• _Task instructions_
Can you print the data exactly and leave out each image?

• _Information provided_
_ _ _
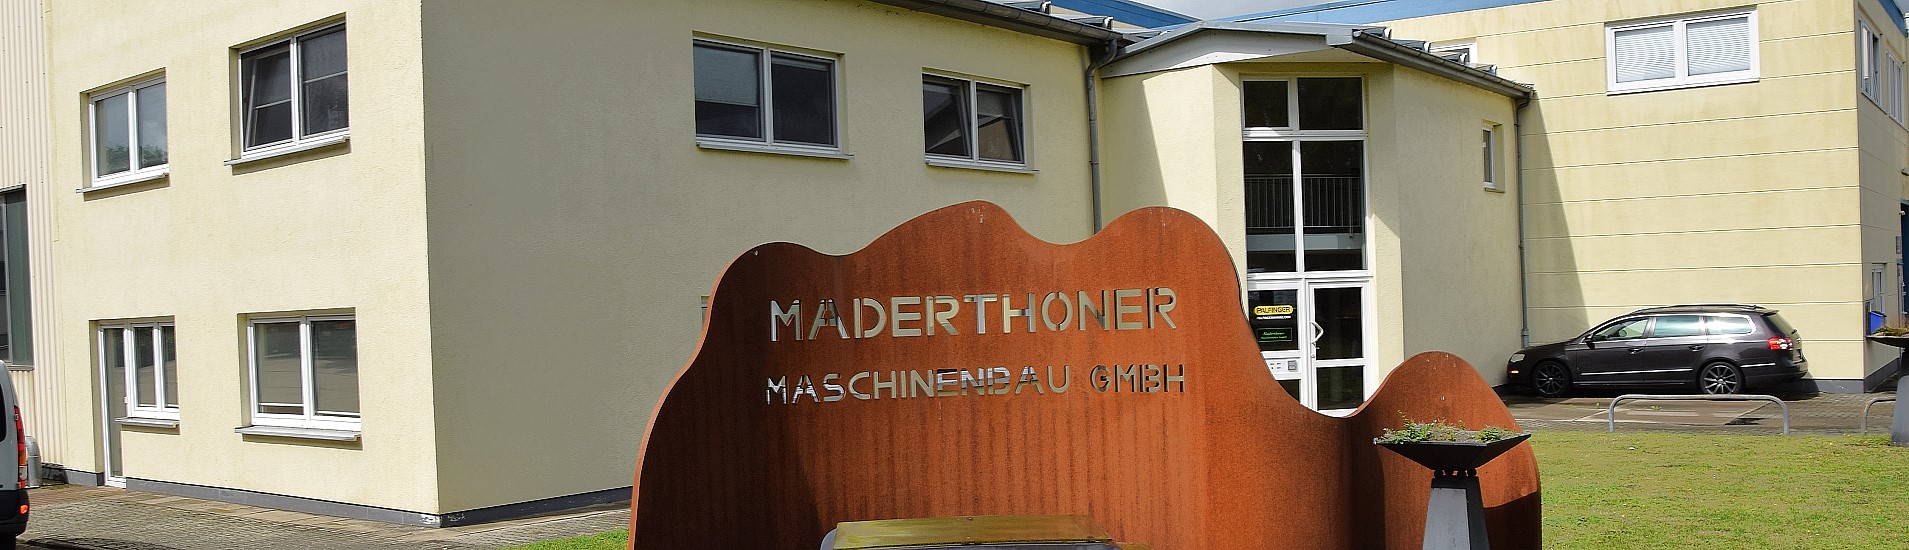 Maderthoner Maschinenbau - Contact
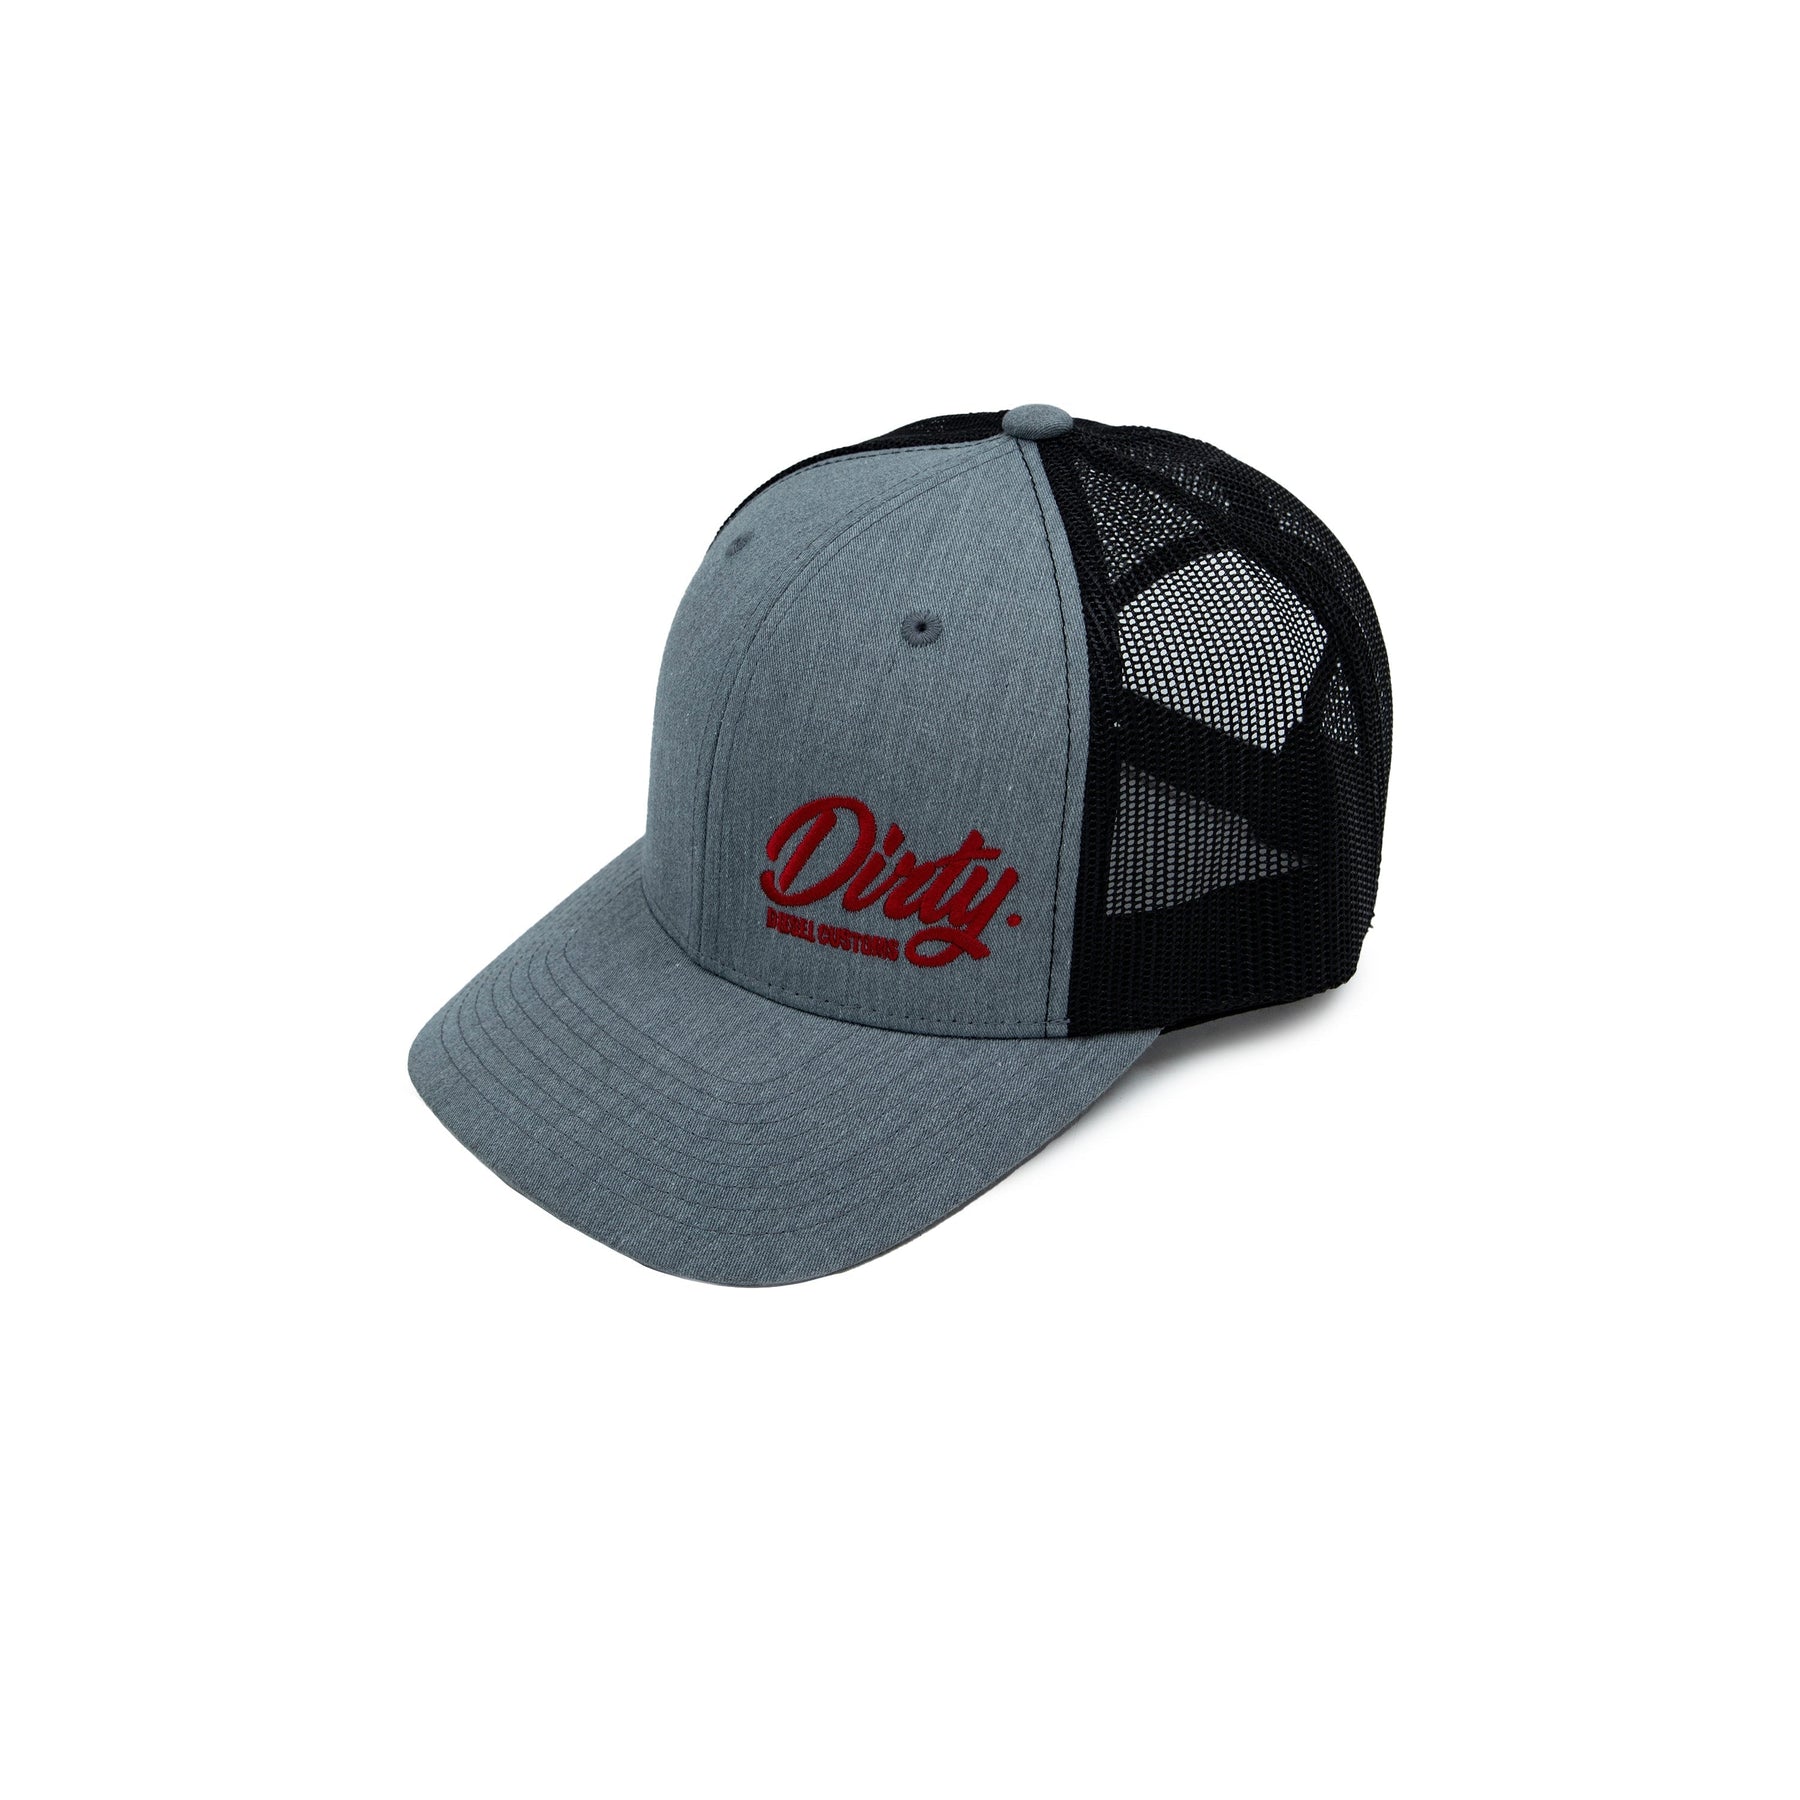 Dirty Diesel Snapback Hat-Hat-Dirty Diesel Customs-Dirty Diesel Customs
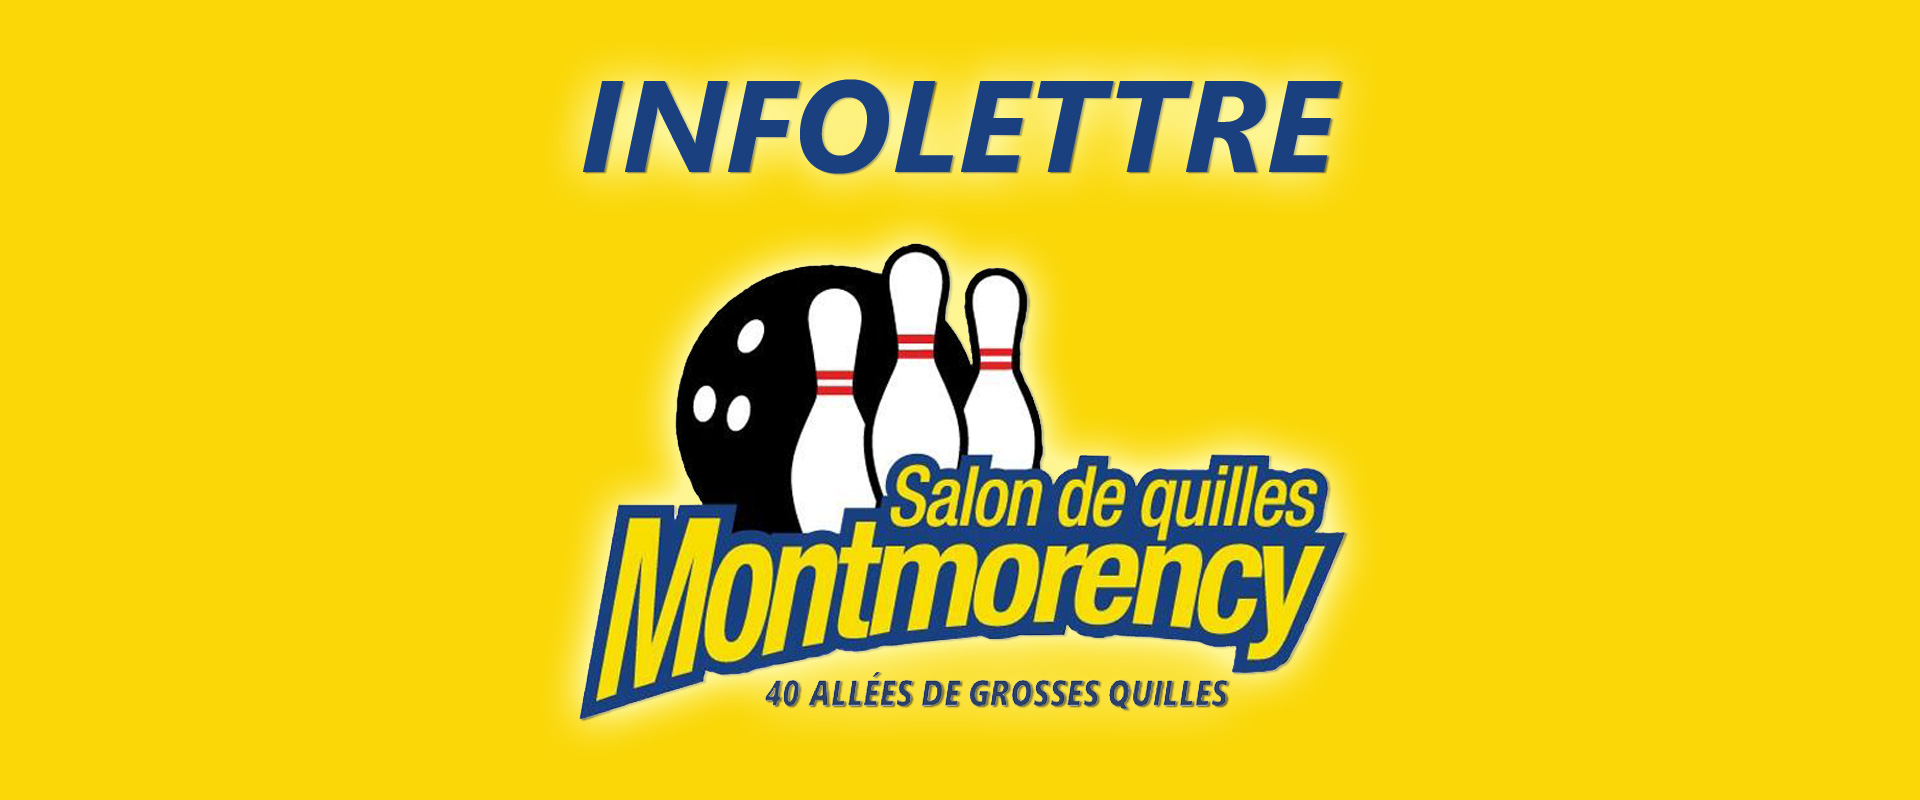 Newsletter Quilles Montmorency Québec
_ _ _
• _Reply_
 Maderthoner Maschinenbau - Contact
 Dirty Diesel Snapback Hat-Hat-Dirty Diesel Customs-Dirty Diesel Customs
 Newsletter Quilles Montmorency Québec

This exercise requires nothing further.